Within the lines below, the span from the line with "Esta acta da" to the line with "Fotografía: Archivo Nacional", both ends included, is to be reproduced exactly, with pictures omitted.

▸ **Records provided**
☆ ☆ ☆ ☆ ☆ ☆ ☆

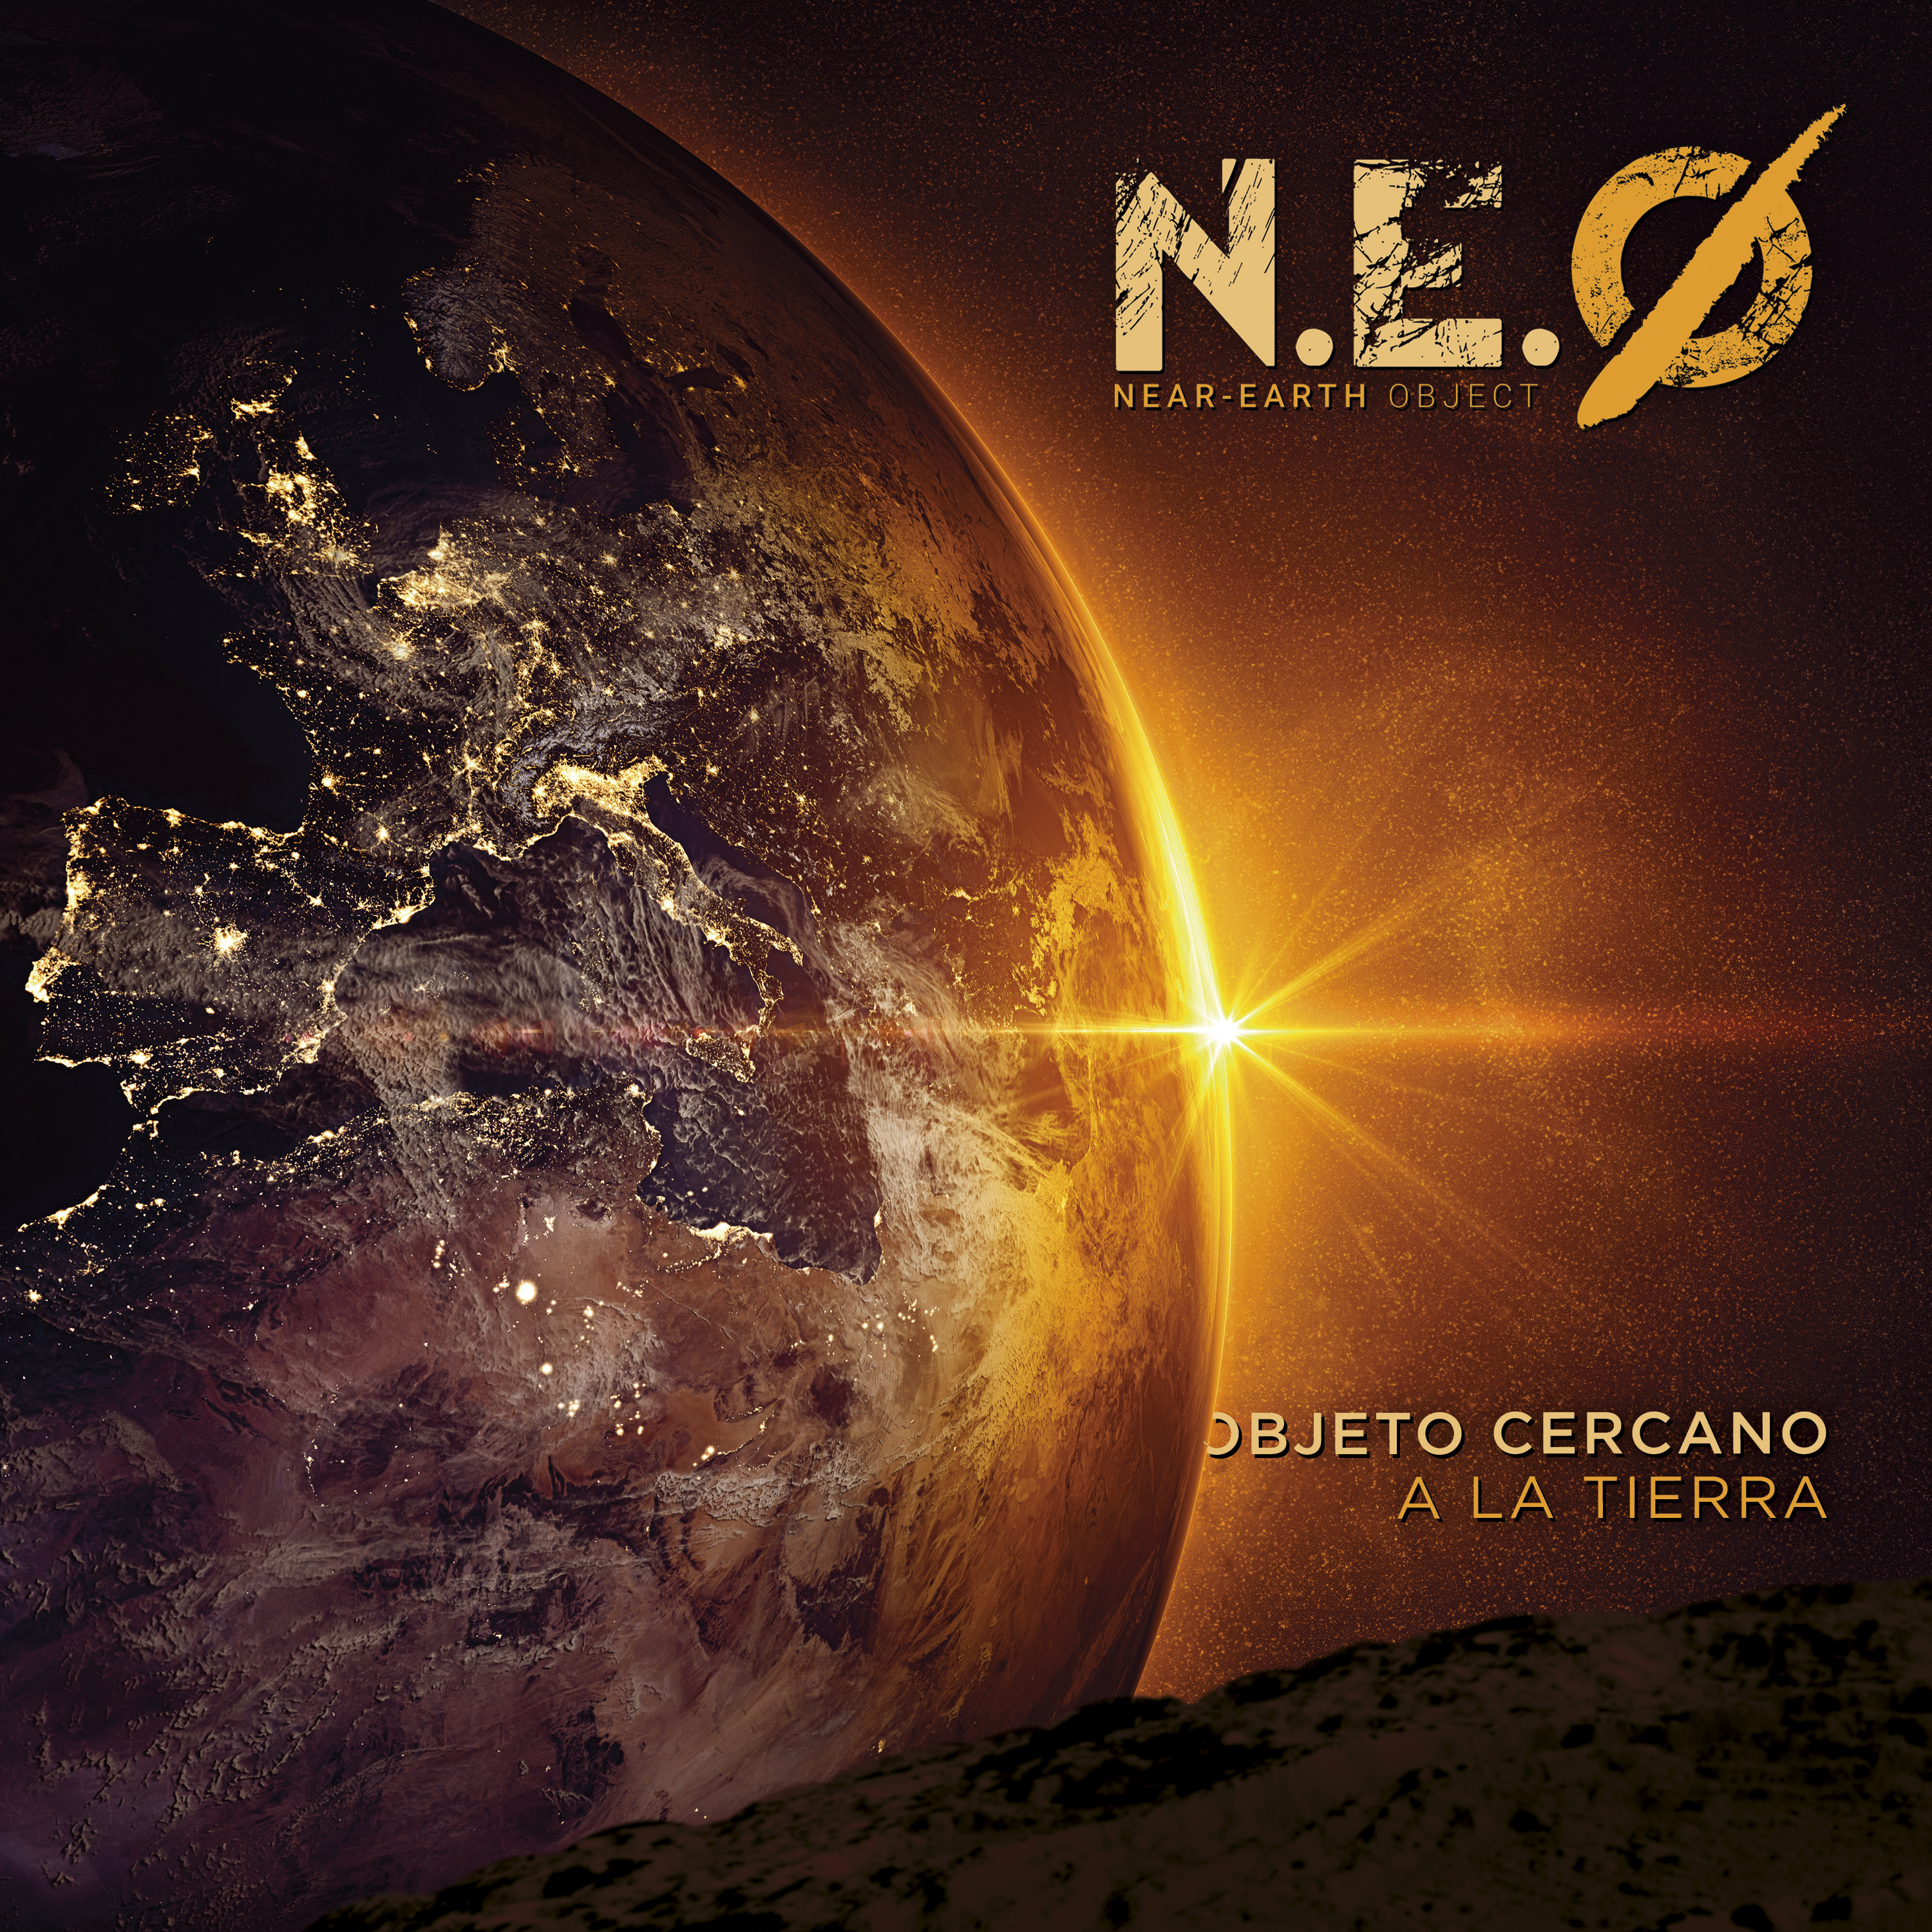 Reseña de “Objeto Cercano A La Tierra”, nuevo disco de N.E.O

☆ ☆ ☆ ☆ ☆ ☆ ☆

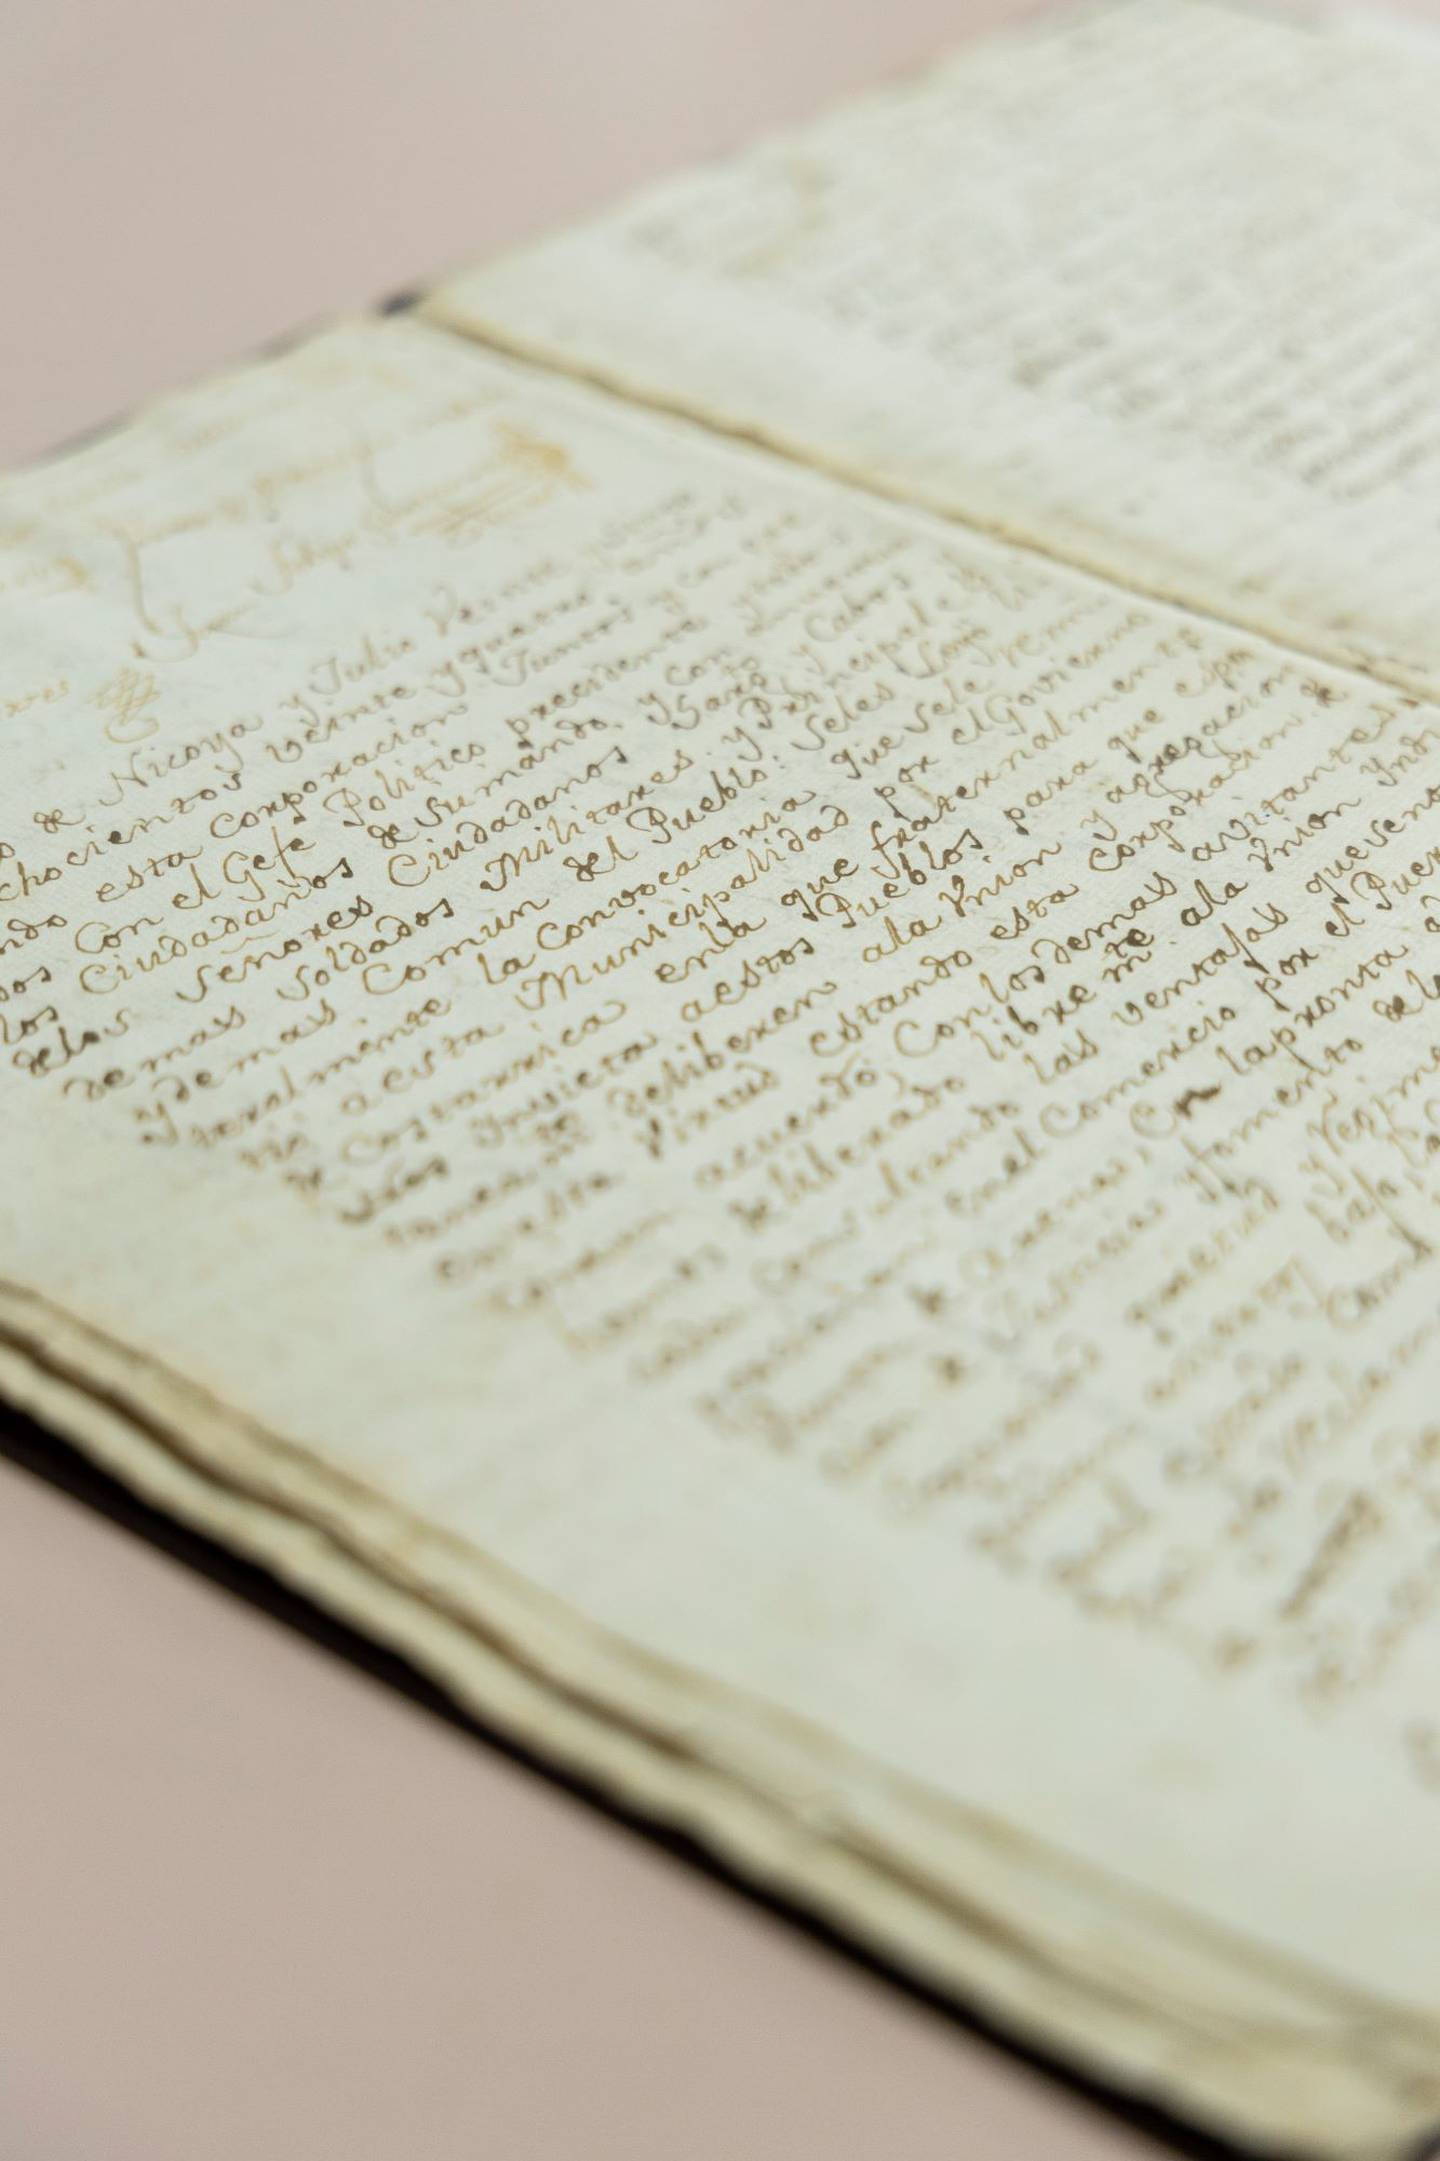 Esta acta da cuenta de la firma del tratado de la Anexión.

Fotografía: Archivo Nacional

☆ ☆ ☆ ☆ ☆ ☆ ☆

▸ **Exercise output**
 Esta acta da cuenta de la firma del tratado de la Anexión.

Fotografía: Archivo Nacional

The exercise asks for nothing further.